→ **PROBLEM TO WORK ON**:
Reproduce the data below in full and exclude every picture.

→ **DATA SEGMENT**:
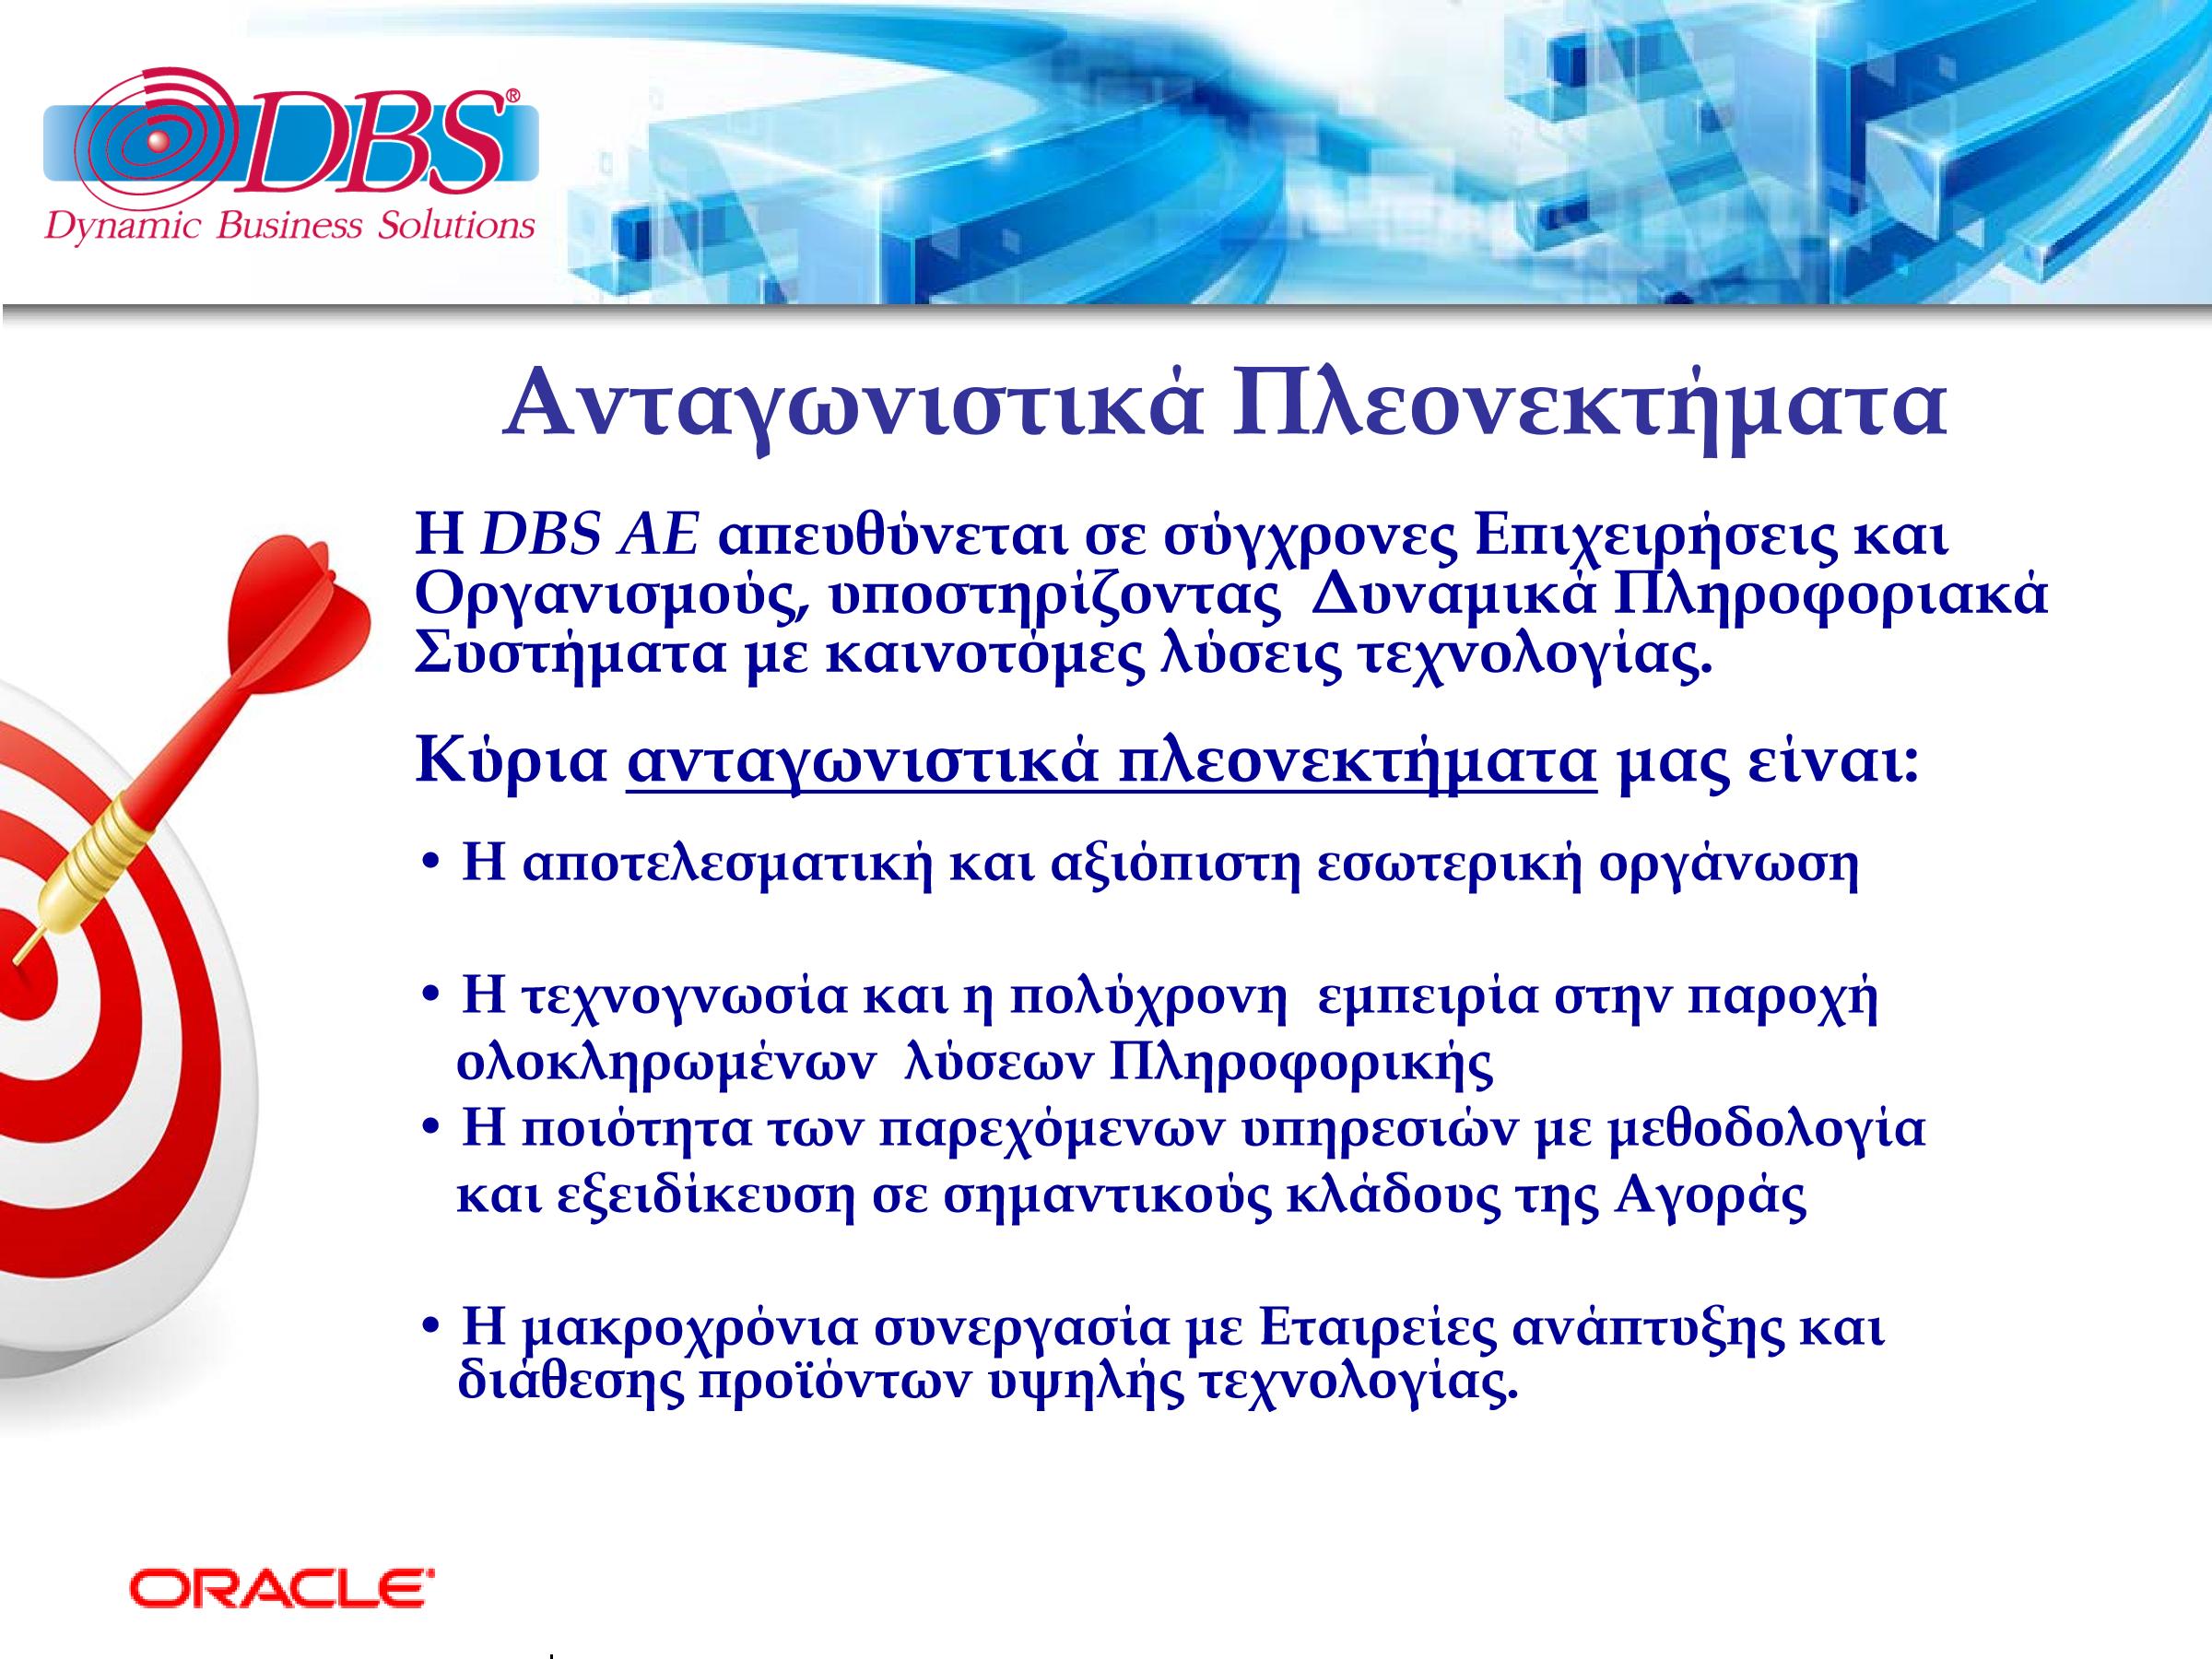 DBSDEMO2019_COMPANY_PROFILE_V18_R26FB-EL-4
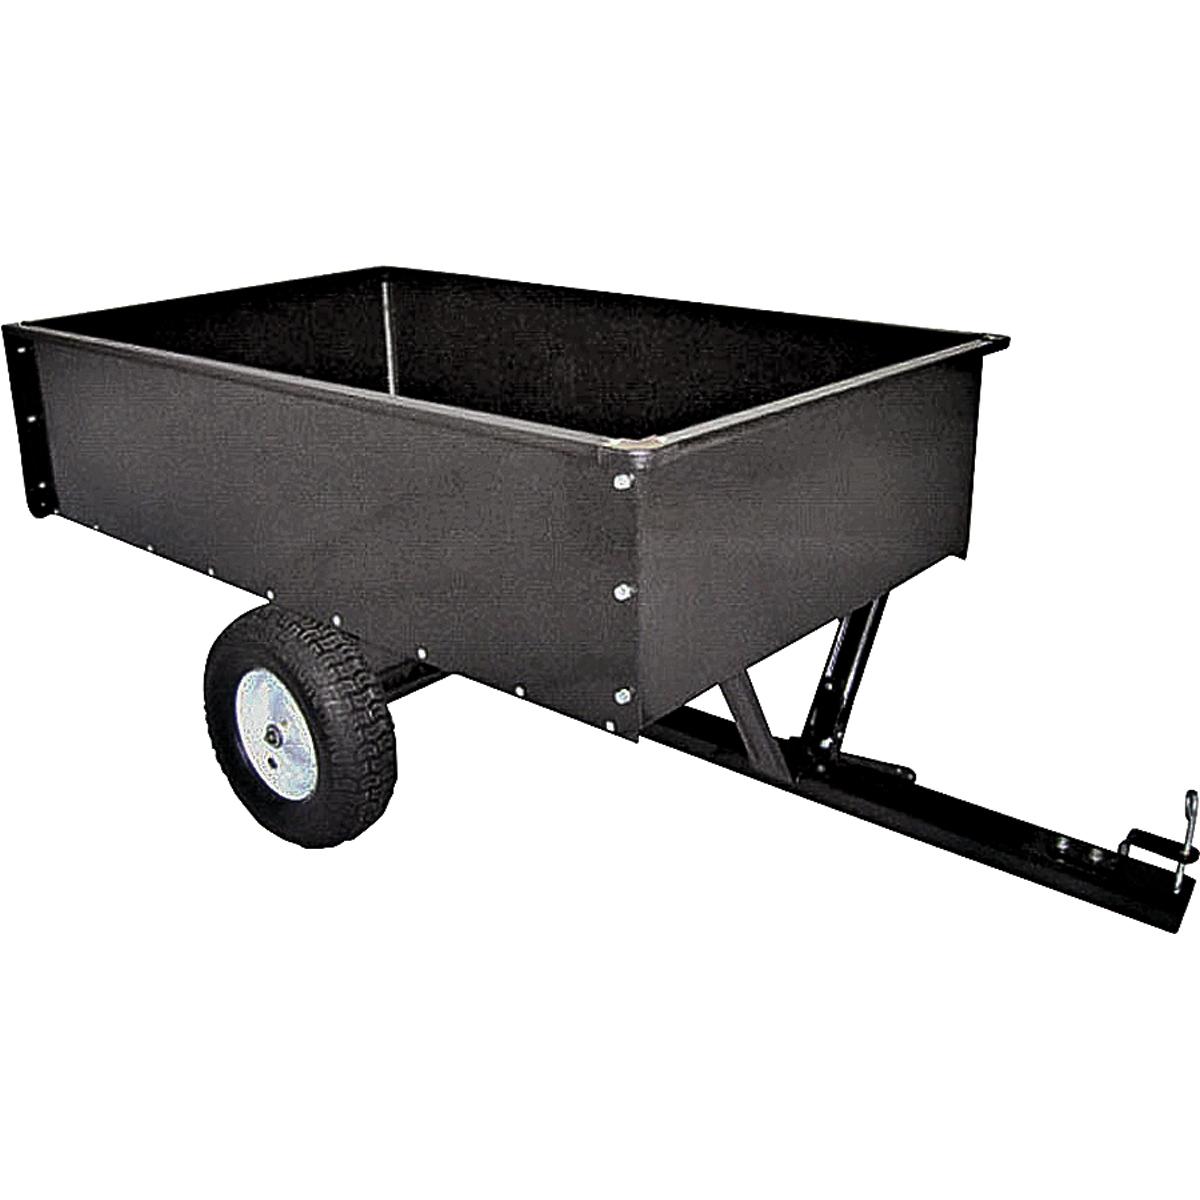 Picture of Vulcan YTL-012-508 Dump Cart, 400 lb, 40-1/2 L x30-3/4 W x 13 H in Deck, Steel Deck, 2 -Wheel, Pneumatic Wheel
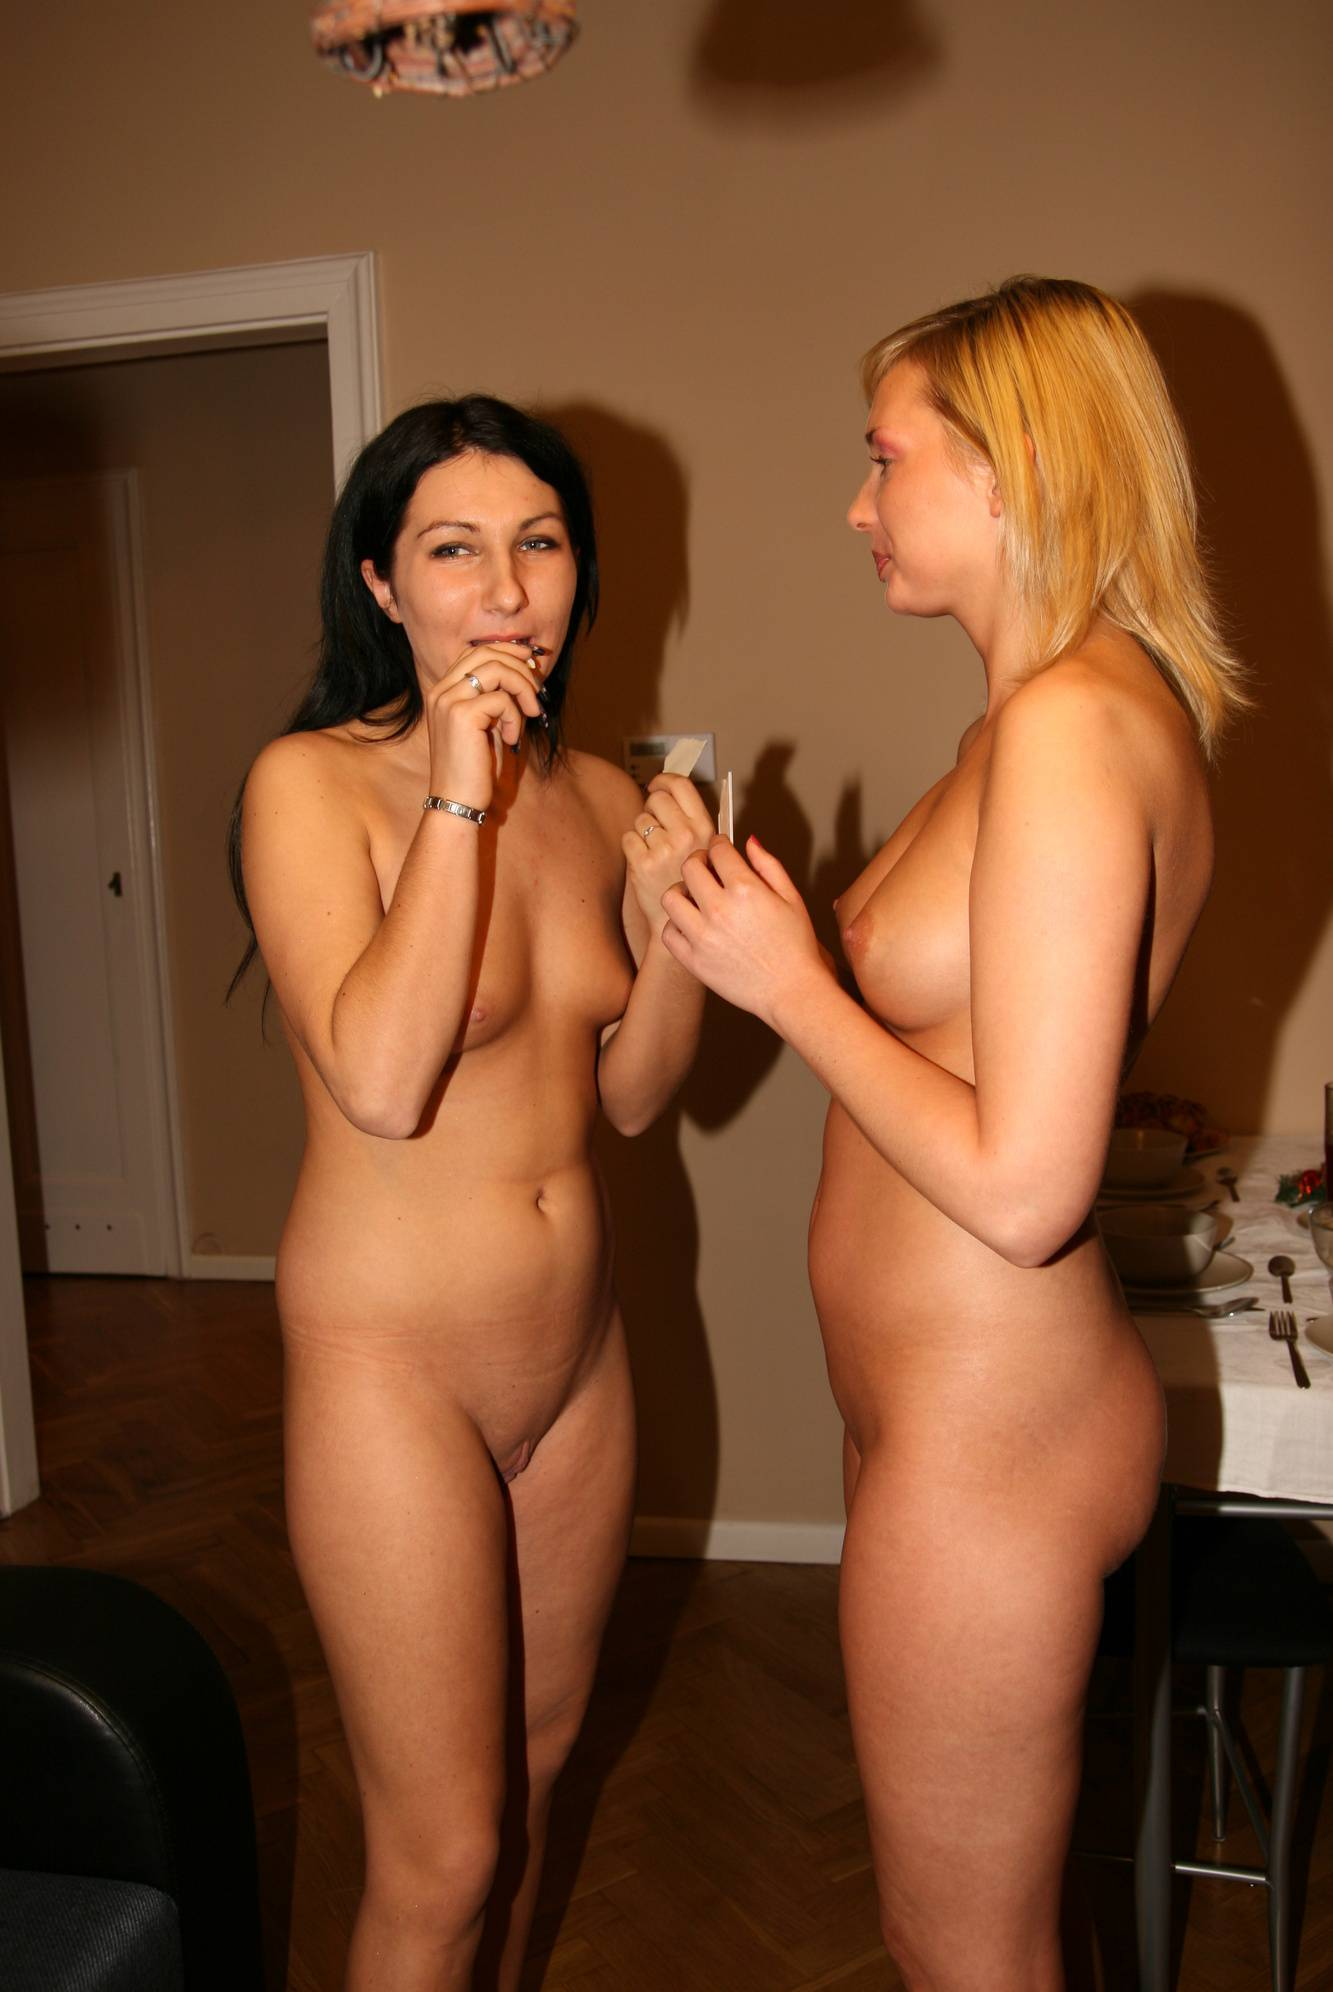 Nudist Pics Happy Nude Year - 1

→ **ANSWER TO THE PROBLEM**:
 DBSDEMO2019_COMPANY_PROFILE_V18_R26FB-EL-4
 Picture of Vulcan YTL-012-508 Dump Cart, 400 lb, 40-1/2 L x30-3/4 W x 13 H in Deck, Steel Deck, 2 -Wheel, Pneumatic Wheel
 Nudist Pics Happy Nude Year - 1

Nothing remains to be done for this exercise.